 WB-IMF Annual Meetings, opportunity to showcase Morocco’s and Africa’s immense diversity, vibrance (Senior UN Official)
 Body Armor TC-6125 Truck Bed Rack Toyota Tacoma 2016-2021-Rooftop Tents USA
...
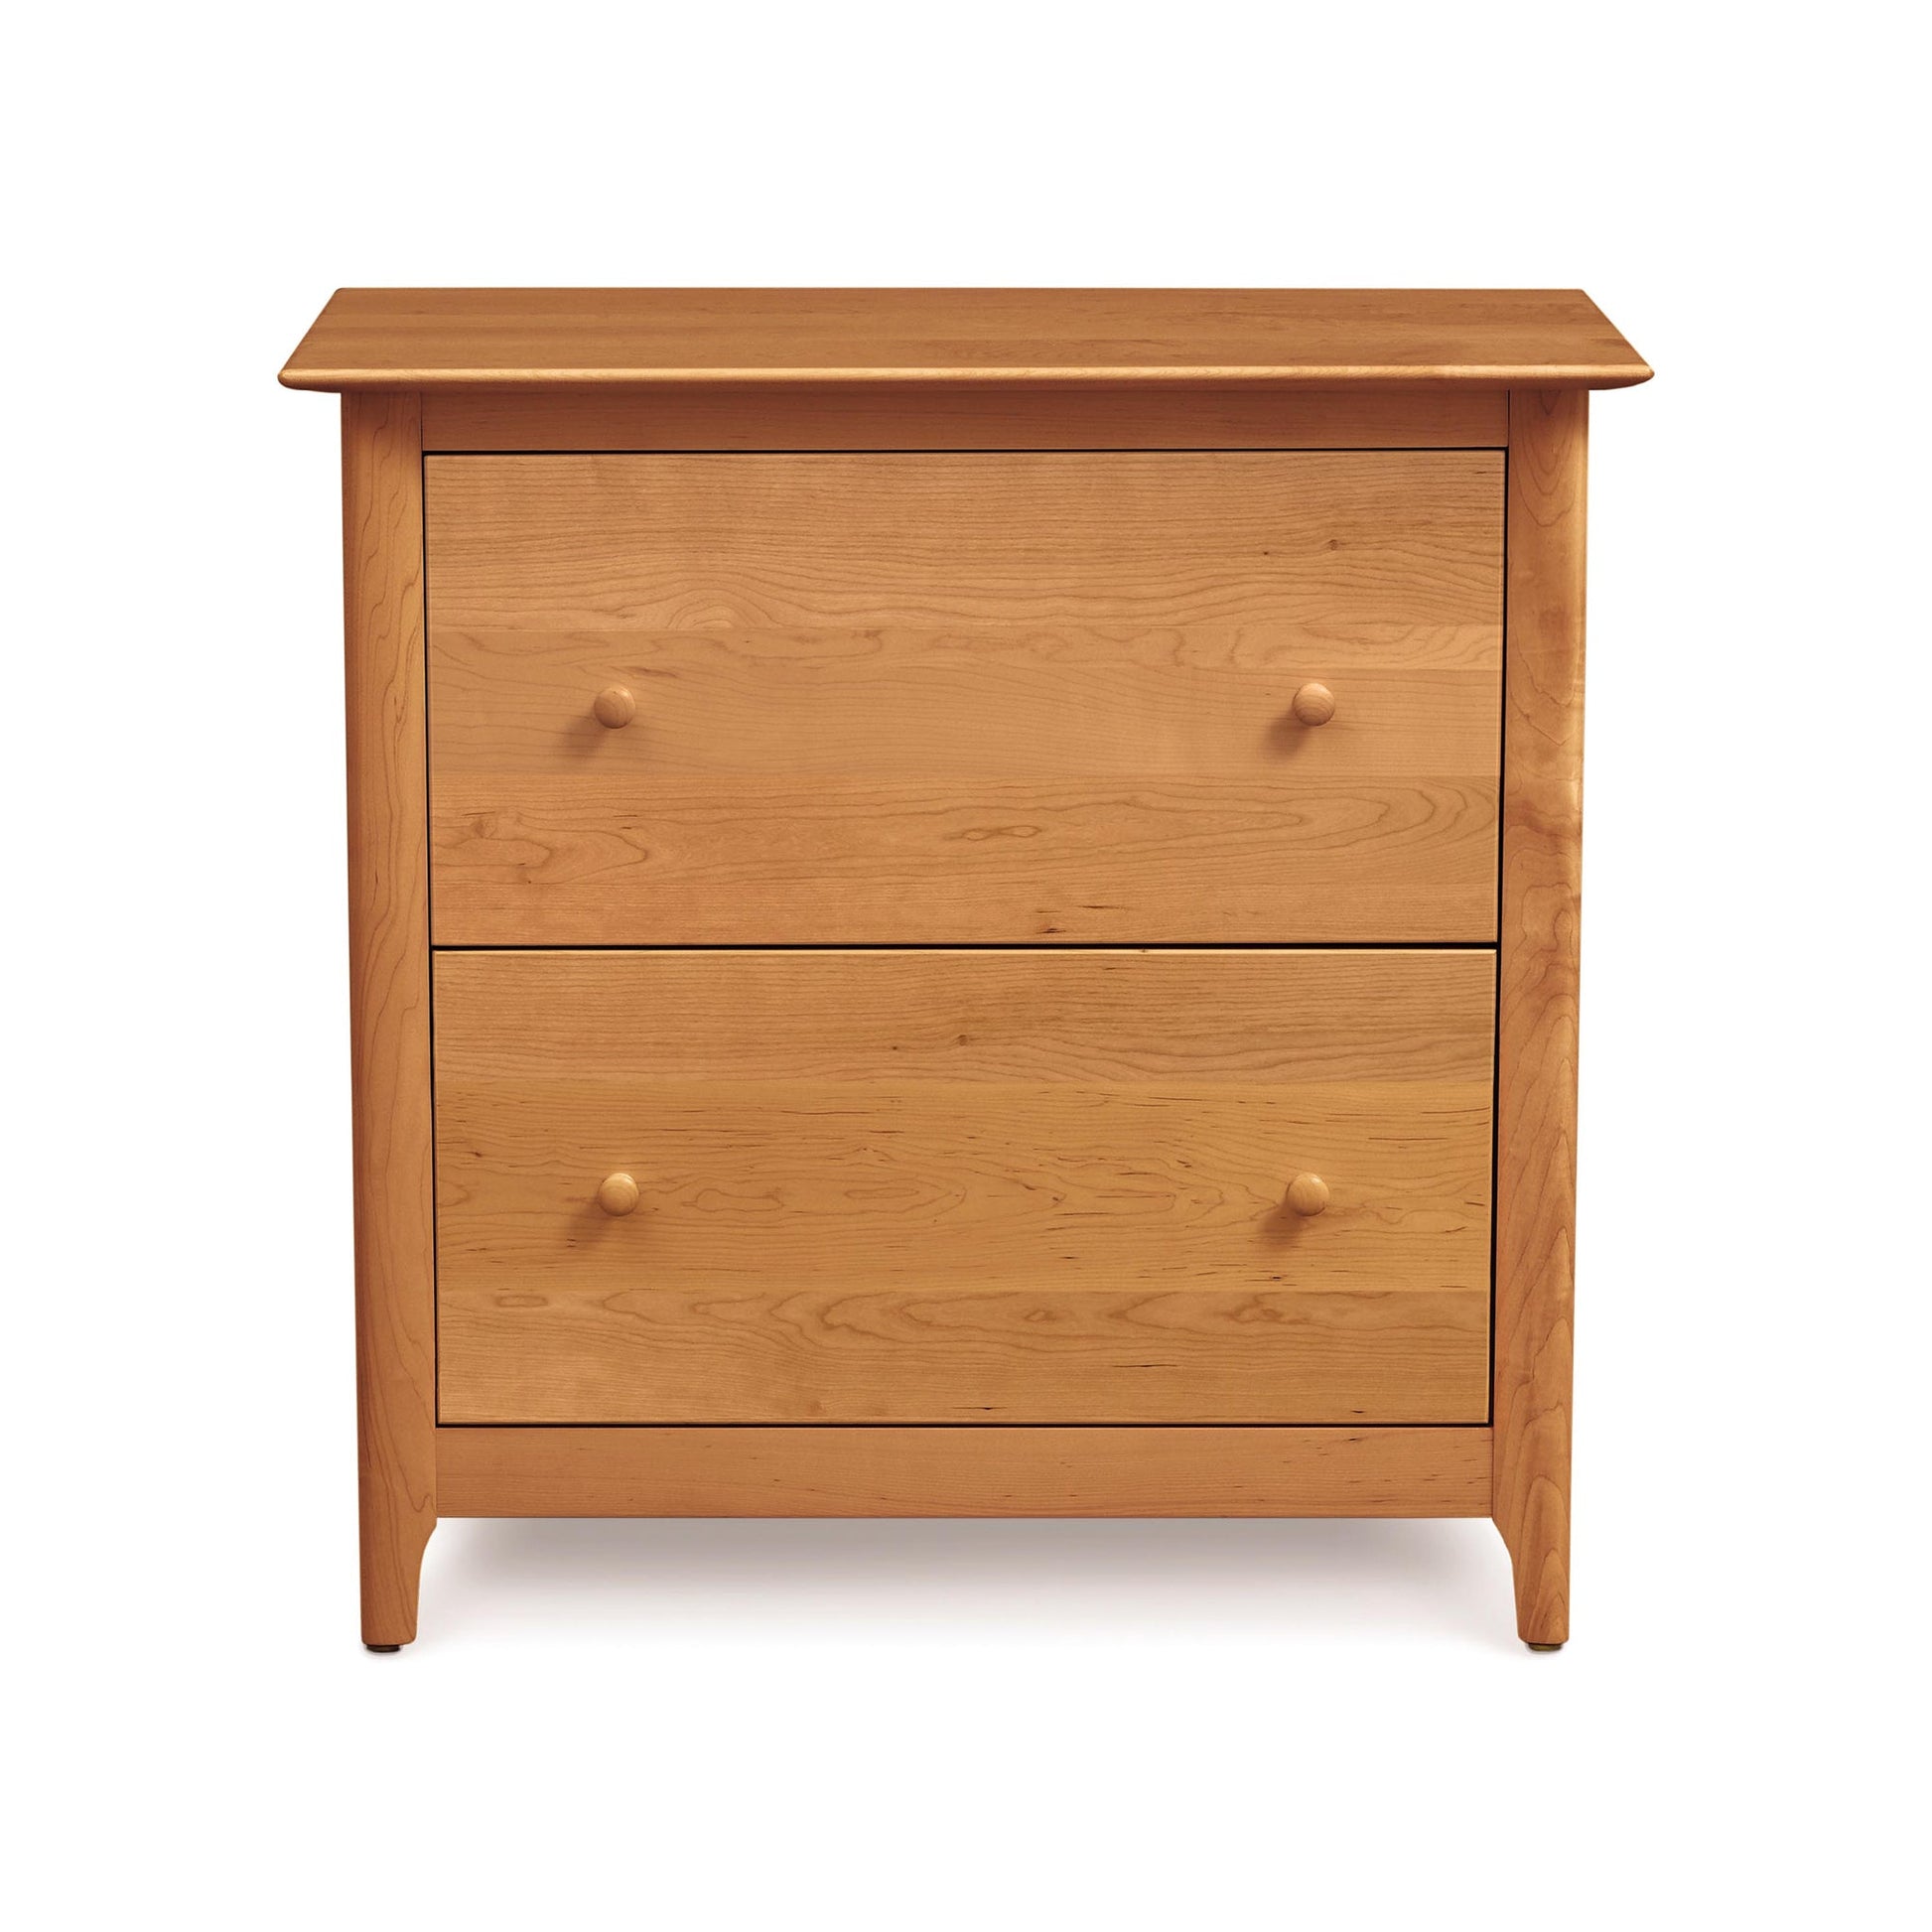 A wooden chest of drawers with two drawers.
---
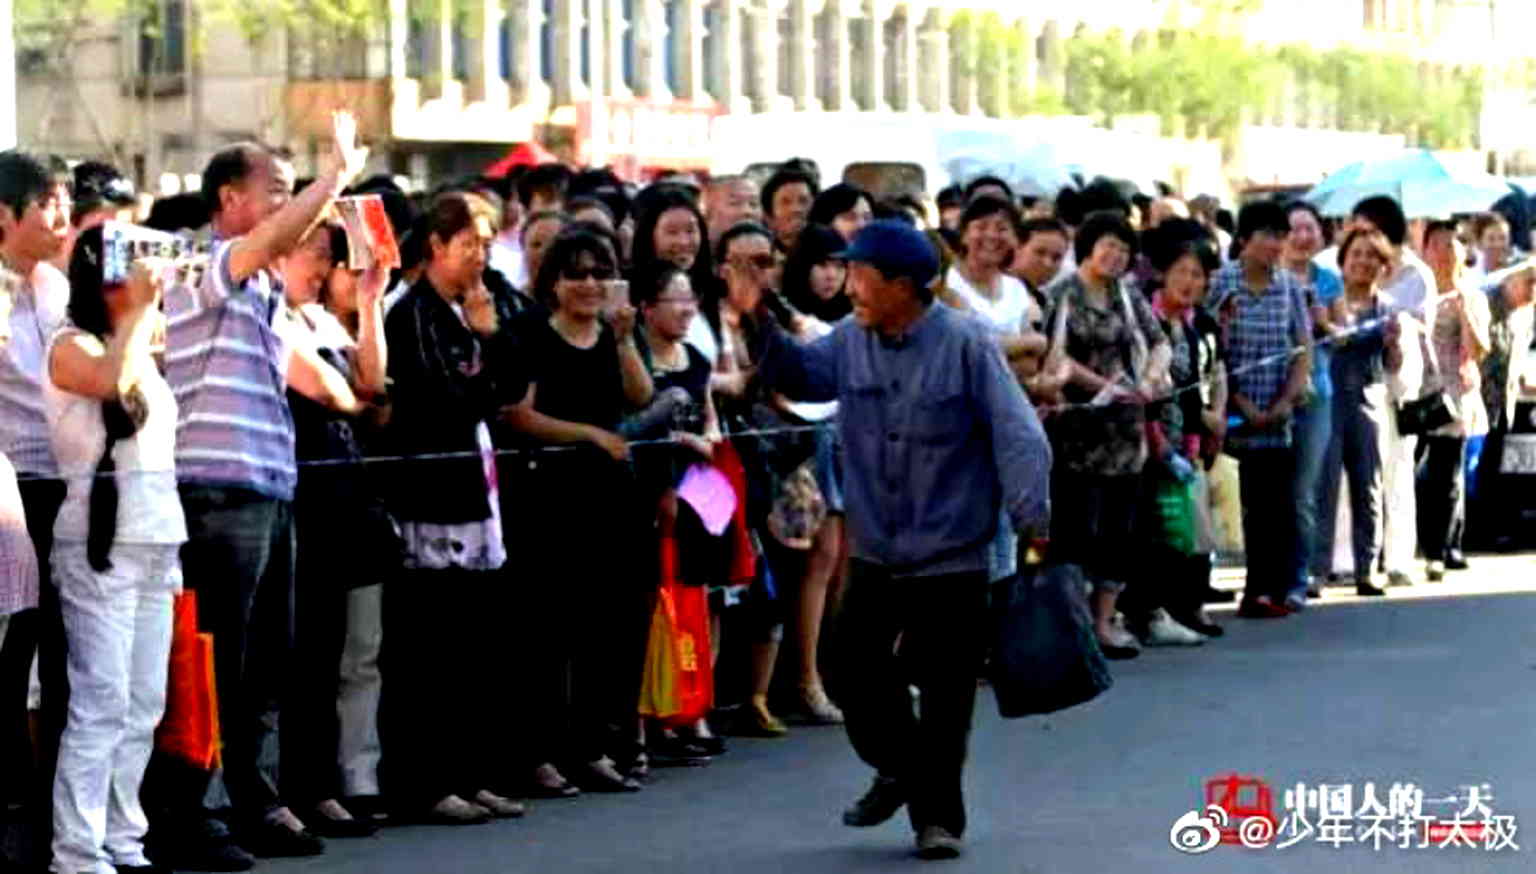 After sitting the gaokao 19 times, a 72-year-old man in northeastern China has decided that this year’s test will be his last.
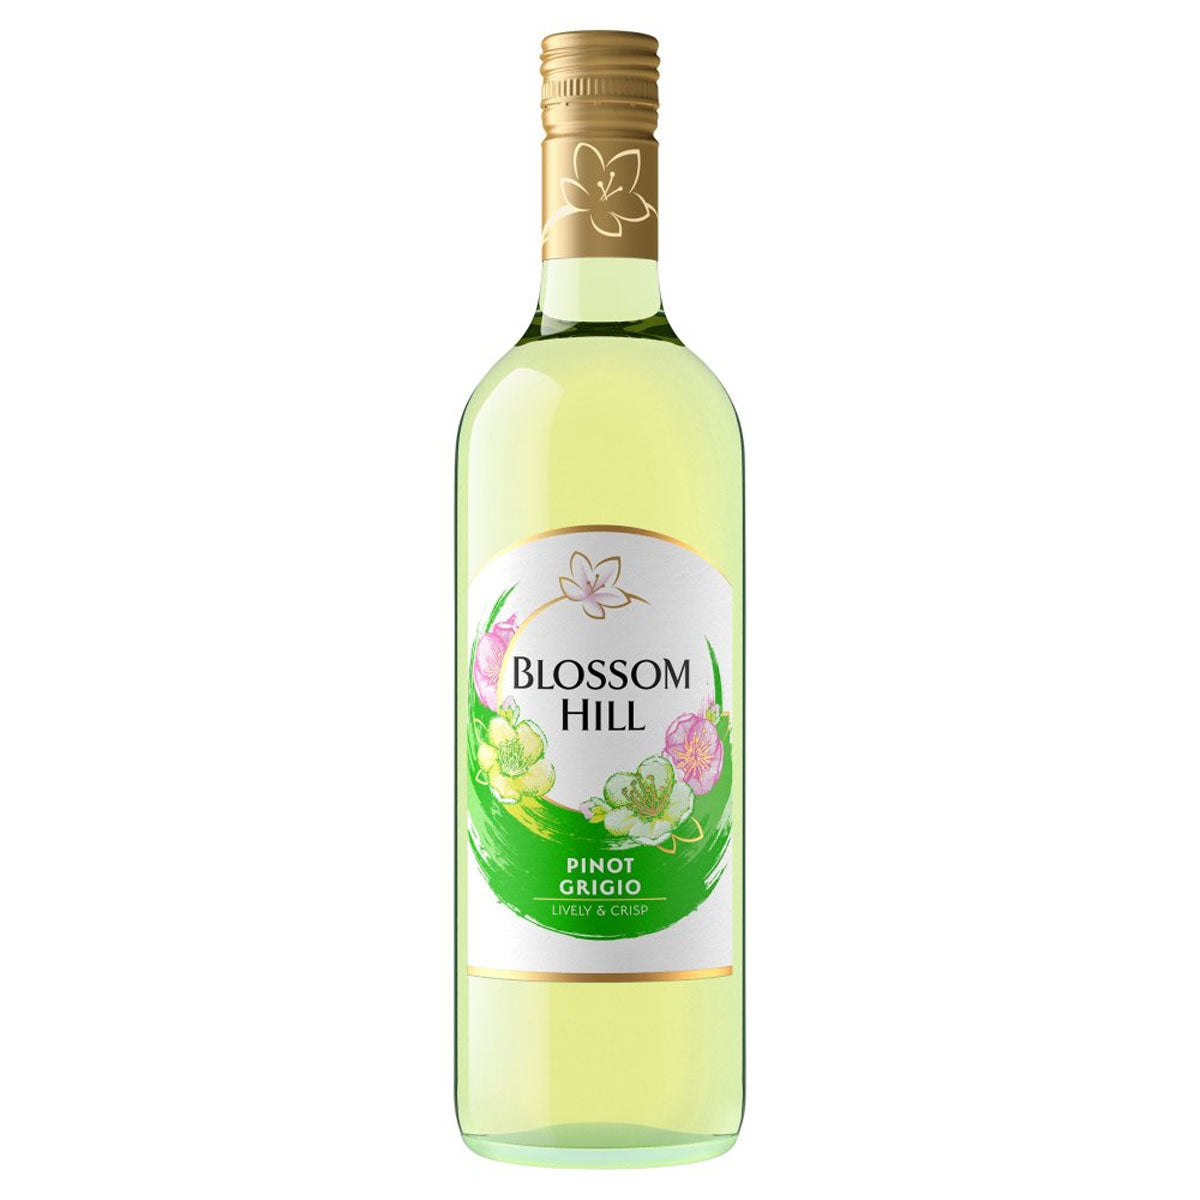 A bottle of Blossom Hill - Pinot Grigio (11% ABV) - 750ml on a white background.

• TASK BRIEF
From the line containing "WB-IMF Annual Meetings, opportunity" down to the line containing "Body Armor TC-6125" in the material above, reproduce every line exactly, including the two end lines.

• YOUR RESPONSE
 WB-IMF Annual Meetings, opportunity to showcase Morocco’s and Africa’s immense diversity, vibrance (Senior UN Official)
 Body Armor TC-6125 Truck Bed Rack Toyota Tacoma 2016-2021-Rooftop Tents USA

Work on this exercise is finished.